Die neue Trinkwasserverordnung wird einen ganzen Strauß an Änderungen und Neuerungen für die Wasserversorger mit sich bringen, um die Anforderungen der EU-Trinkwasserrichtlinie umzusetzen. Wir werden von einer rein qualitätsorientierten Konzeption zu einem eher managementorientierten Ansatz der Verordnung umschwenken. Neben dem verpflichtenden Risikomanagement von der „Quelle bis zum Zapfhahn“ als gravierendster Neuerung wird es eine Reihe neuer Überwachungsparameter geben, von denen wohl die perfluorierten Spurenstoffe (PFAS) aufgrund ihrer Toxizität die wichtigste Rolle einnehmen. Daneben werden einige Grenzwerte weiter abgesenkt.

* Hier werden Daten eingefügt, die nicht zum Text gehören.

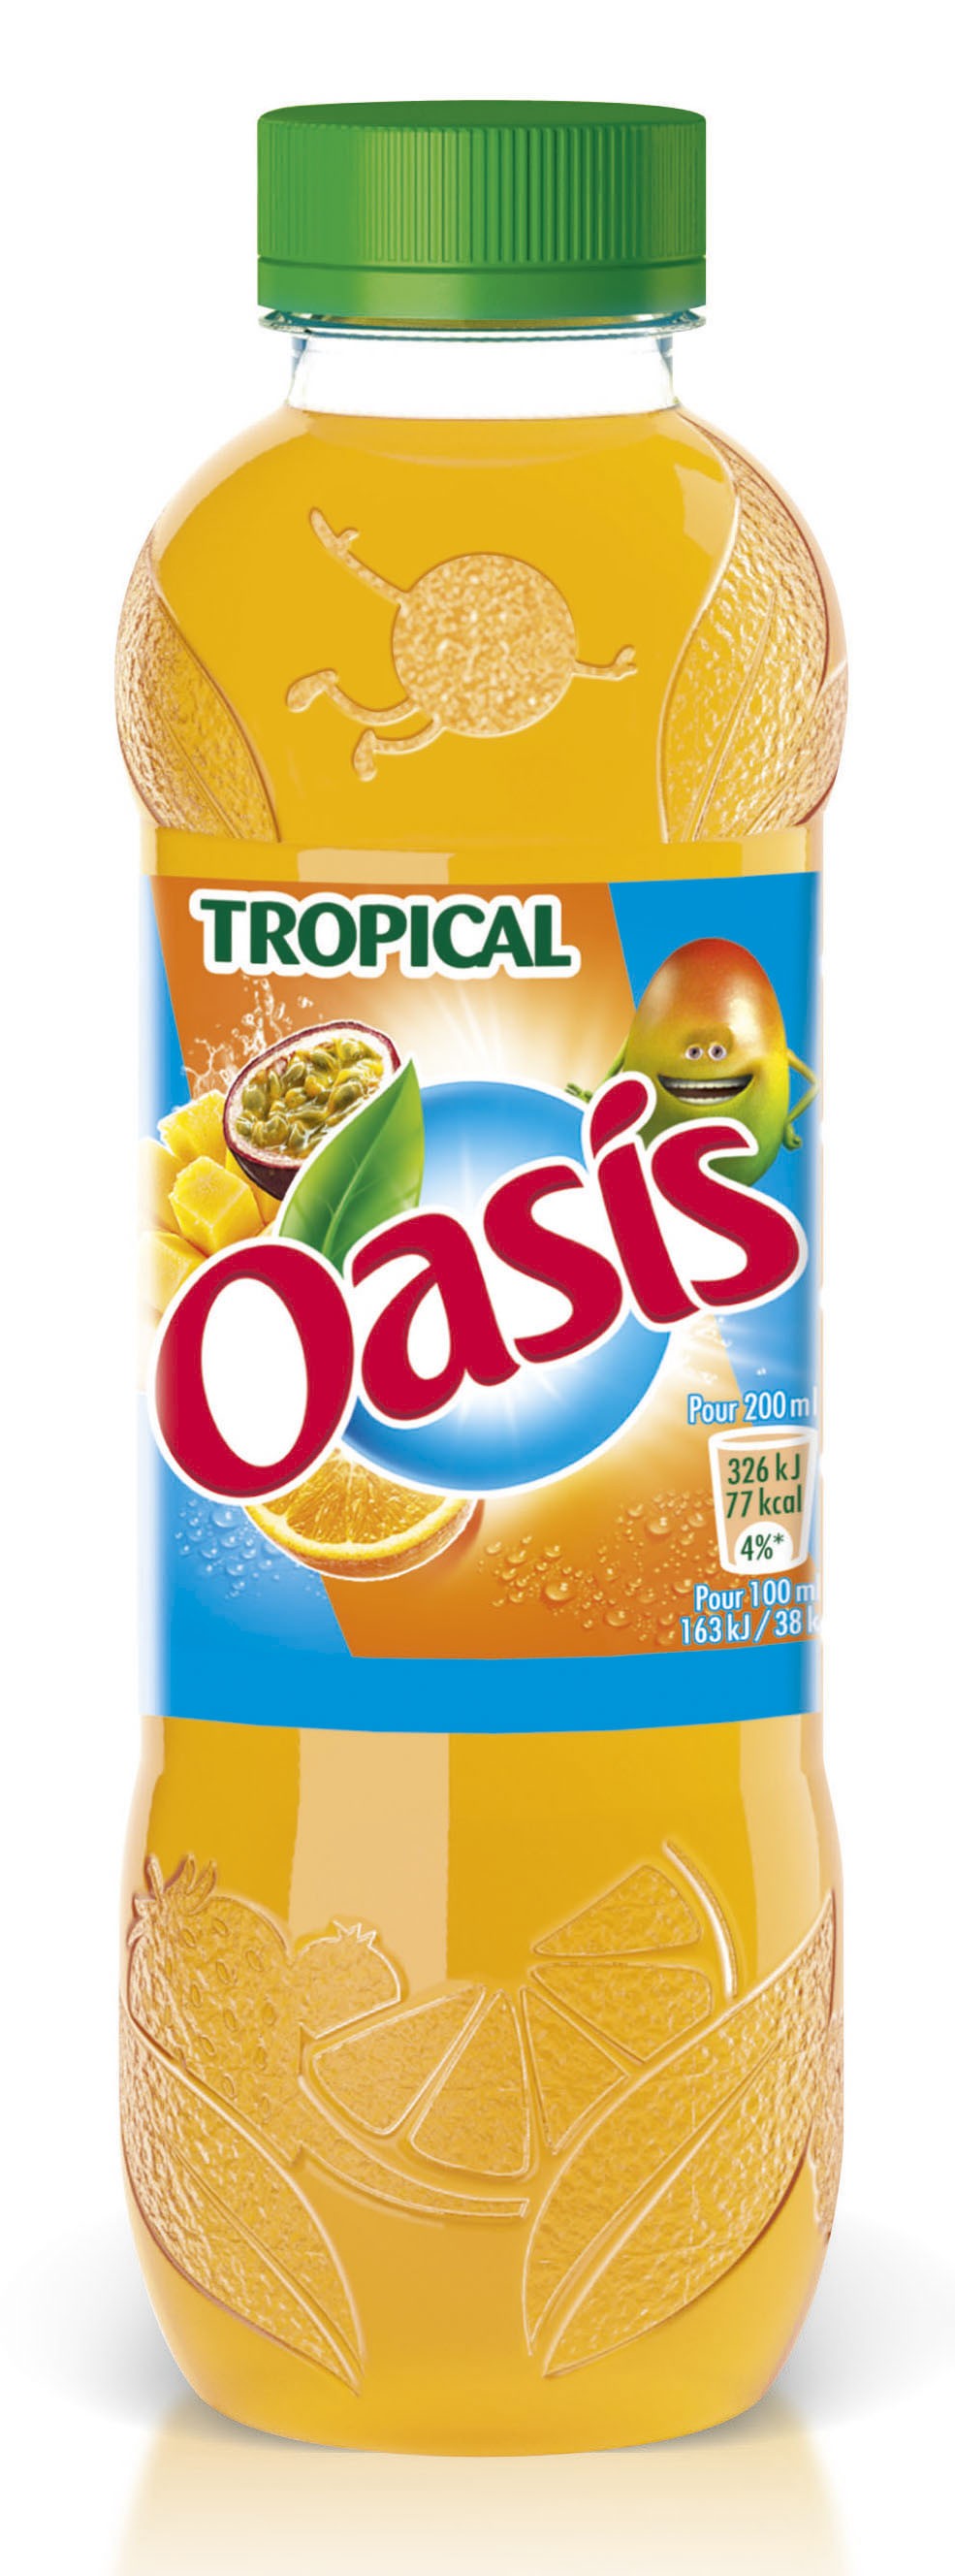 Oasis Tropical Pet50 X24 pas cher

Schließlich sind die deutlich zunehmenden und detaillierten Verbraucher*innen-Informationspflichten sowie das Verbot von Bleileitungen zu nennen.

Es wird eine Zeit dauern, bis die Fülle an Details und Regelungen von den Wasserversorgern verinnerlicht werden können, obwohl der Gesetzgeber eine klarere Struktur, kürzere Paragrafen und leichtere Verständlichkeit versprochen hat.

 

Mit der TrinkwV 2023 wird ein neuer risikobasierter Ansatz für Entnahmestellen, Versorgungssystemen und Hausinstallationen eingeführt. Was bringt diese nationale Umsetzung des Risikomanagements mit sich?

Das Risikomanagement in der Wasserversorgung über das gesamte System der Gewinnung bis zum Zapfhahn wird die Verbraucher*innen-Sicherheit weiter erhöhen und für eine noch bessere Umsetzung des DVGW-Regelwerks sorgen. Starre Überwachungspflichten werden sinnvolleren und angepassten weichen und es wird eine Fokussierung auf die lokal und situationsbedingten Anforderungen und Risiken geben. Für diejenigen, die in die Thematik noch nicht eingestiegen sind, wird es ein erheblicher Arbeitsaufwand sein, insbesondere gibt es einen „Aktivierungsberg“ bis zur Einführung. Es gibt jedoch über die DVGW-Institute gute und kompetente Hilfe, auch über online verfügbare Risikomanagement-Tools wie TRIM-online.de.

 

Künftig sollen den Gesundheitsämtern Risikobewertungen beinahe aller Wasserversorgungsanlagen zur Genehmigung vorgelegt werden. Sehen Sie hier eine zusätzliche geschaffene bürokratische Aufwendung oder notwendige Transparenz?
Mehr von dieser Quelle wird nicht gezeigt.